* Provided data:
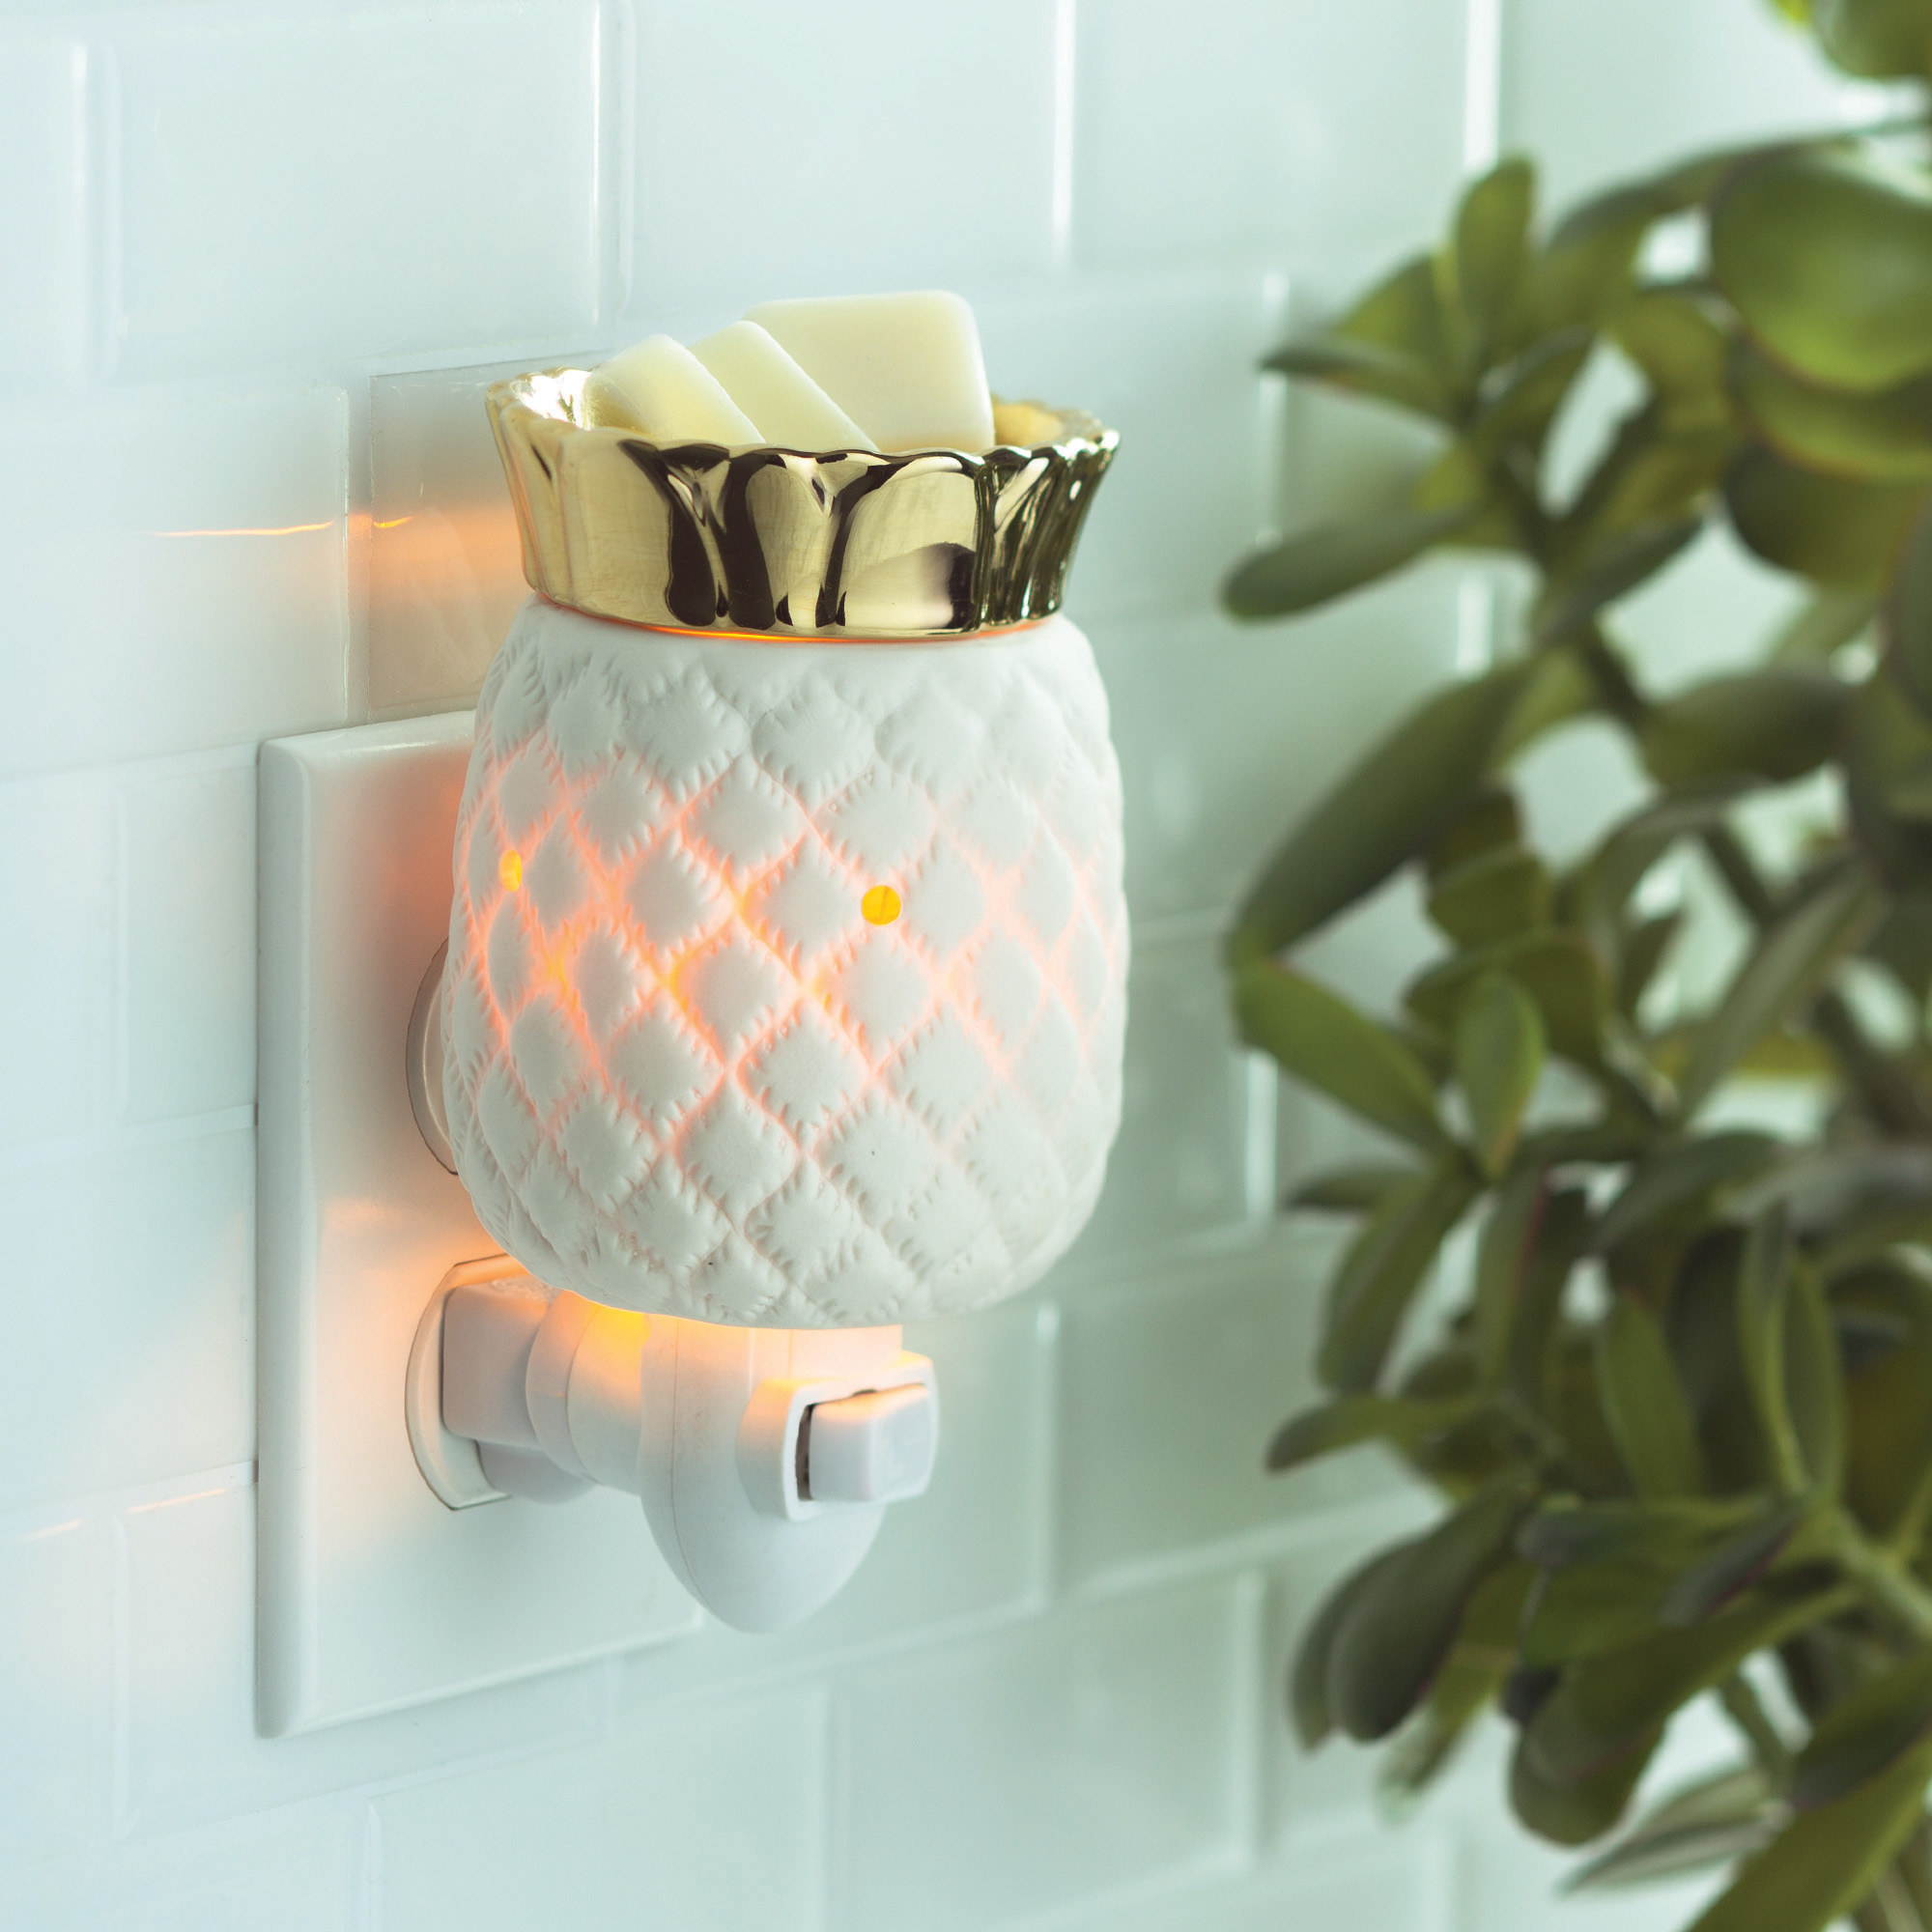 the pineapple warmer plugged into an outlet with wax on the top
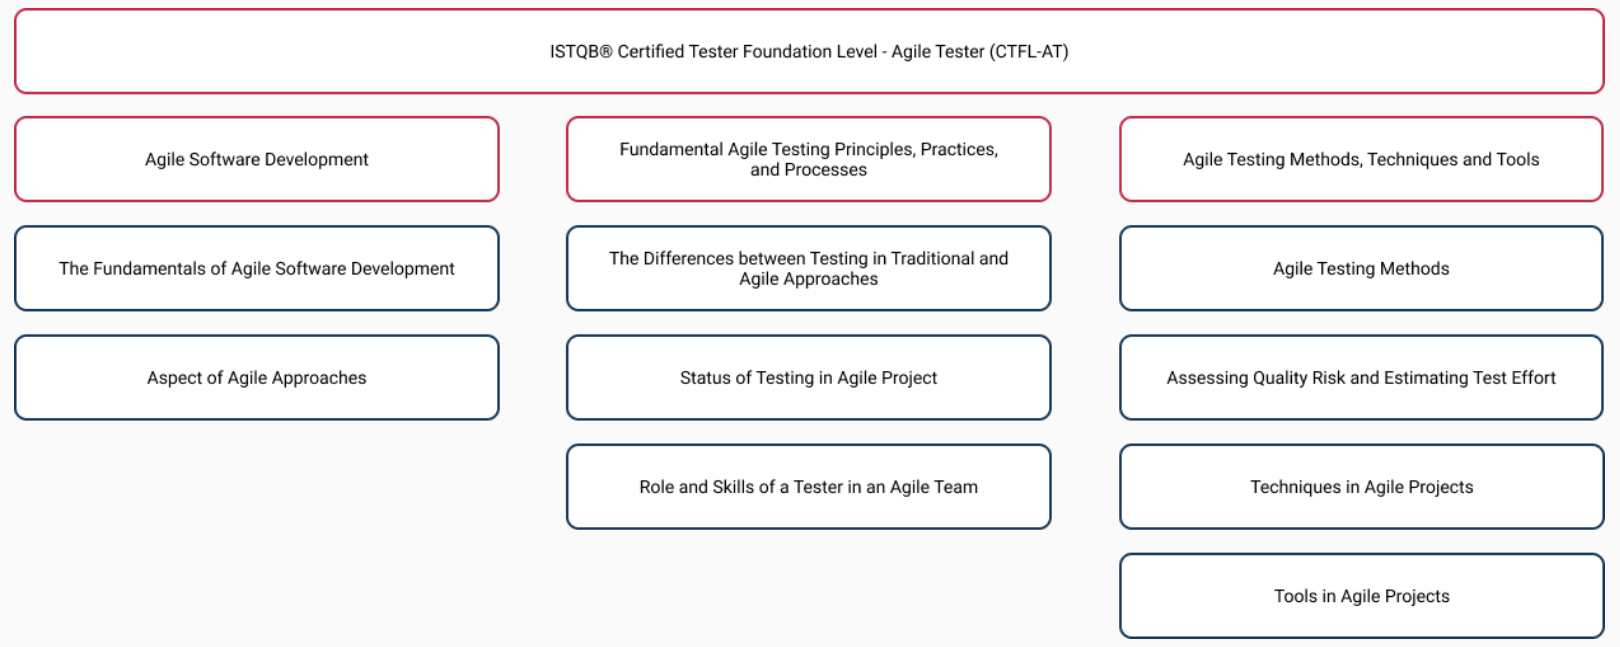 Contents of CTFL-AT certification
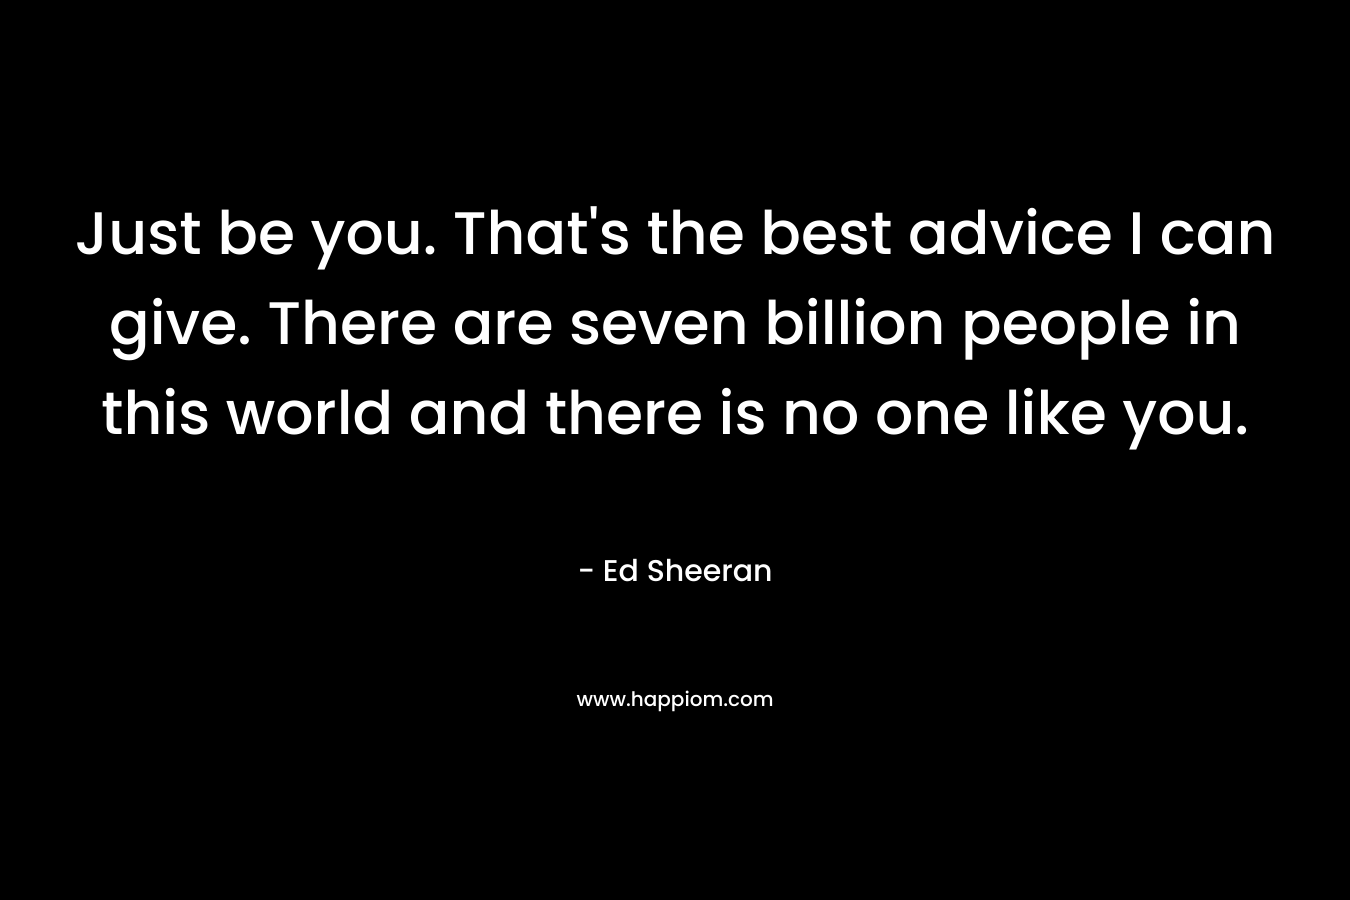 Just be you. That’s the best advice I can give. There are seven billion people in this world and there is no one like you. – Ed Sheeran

* How to complete this task:
Nothing but the lines from the line containing "Contents of CTFL-AT certification" through the end of the data, both ends included, is to be reproduced, exactly as written and without the pictures.

* Written answer:
 Contents of CTFL-AT certification
 Just be you. That’s the best advice I can give. There are seven billion people in this world and there is no one like you. – Ed Sheeran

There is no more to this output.